Stevens does it primarily with defense, crunching numbers to decide which defensive sets are likely to yield the best results. Earlier this year, after one of the toughest scheduling stretches any team in the country endured, his team came back from winter break with an 8-4 record and found a note taped to their lockers.

It read: "Need two more stops a game to go from a 46 percent field goal percentage defense to 40 percent field goal percentage defense."

"When you look at it that way," Stevens recalled, "it sounds doable."

Doable?

The Bulldogs have won 25 straight games.

"They've scored five times as many points off of turnovers as anybody in the tournament. Last night," Krzyzewski said, referring to Butler's win over Michigan State, "40 percent of their offense was off turnovers. And it's done because of good hands and good help.

"It's outstanding defense," he added, "just outstanding defense."

In order to get those turnovers against Duke, the Bulldogs will have to break down the Blue Devils' guards. Yet great guard play has been the bedrock of Duke's success during the Krzyzewski era - hardly surprising since Coach K played point guard for Bob Knight when his mentor was the head coach at Army.

"I didn't always appreciate the lessons I was learning from him while he was teaching them," Krzyzewski said. "But I think I became a lot tougher. I certainly understood the game a lot better."

For all their differences, the admiration both coaches still have for Knight is revealing.

"I've never really had an awe factor looking down the sidelines because I thought it was really important to just try to be good for my team," Stevens said.

"But you do think about it.
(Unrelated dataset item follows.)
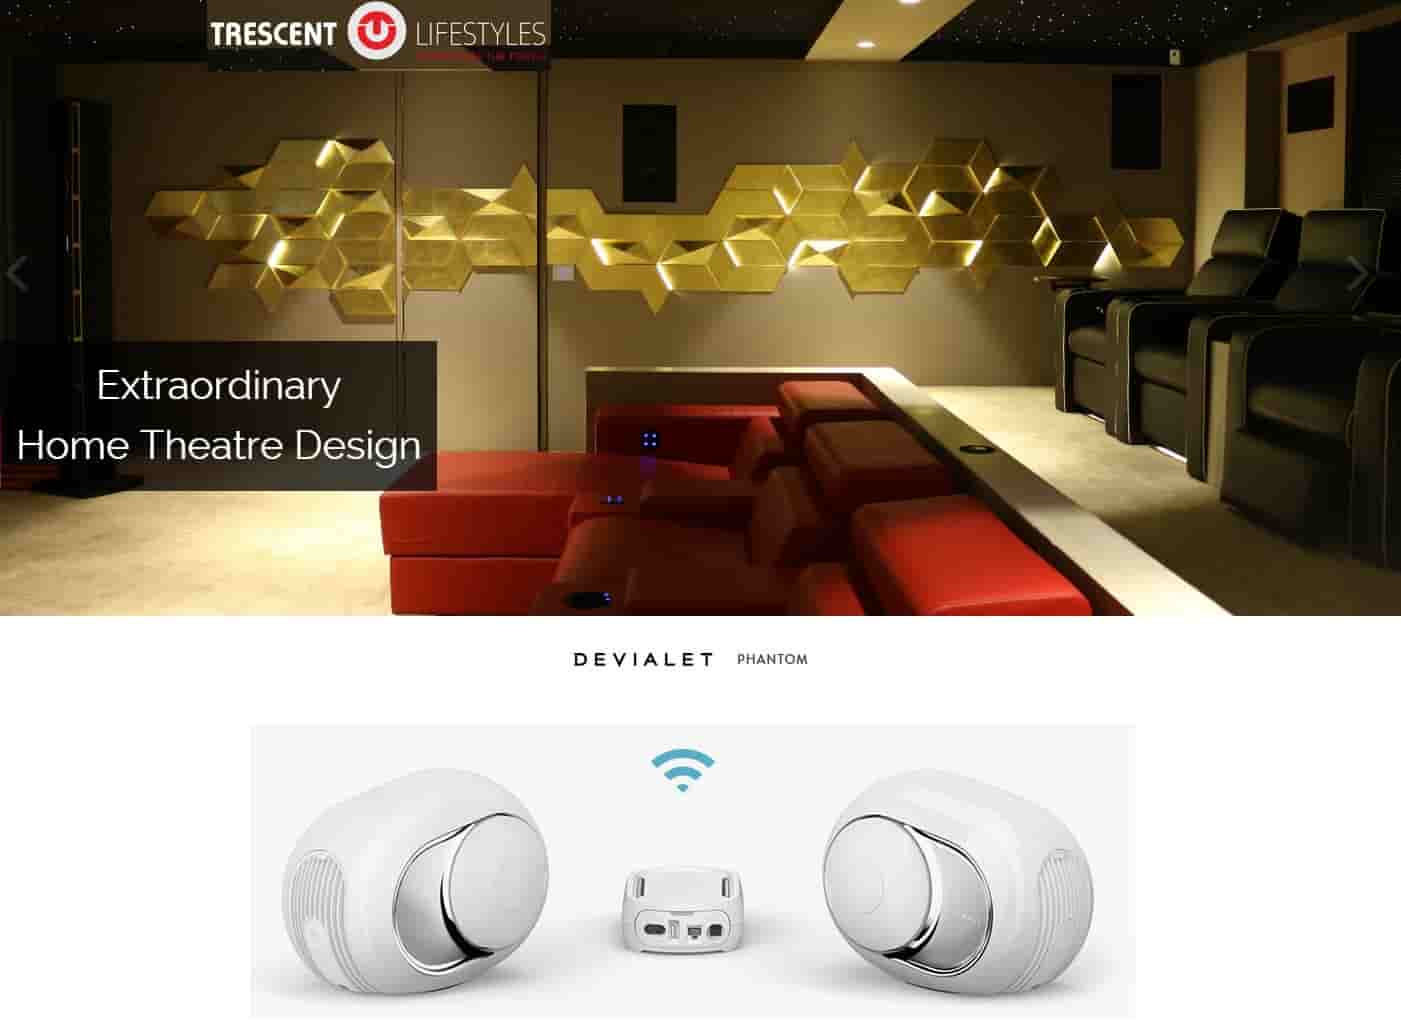 Trescent Lifestyles is the ultimate destination for those who appreciate cutting-edge technology in home theatres, audio-video and home automation systems in India. http://www.trescent.com/ | Founded in 2007 and based in Paris, Devialet is the premier start-up in the world for the excellence of its inventions in the sound field, with 107 patents and more than 60 International awards. en.devialet.com

When we played Coach Knight (already at Texas Tech by that time), that was really meaningful to me, not because of me coaching against him, but because I grew up watching him. ... That was the biggest deal for me.

"But I have a great deal of respect for a lot of coaches at a lot of different levels. Certainly," Stevens said, with a nod to Krzyzewski, "we're aware we're playing if not the best, one of the best."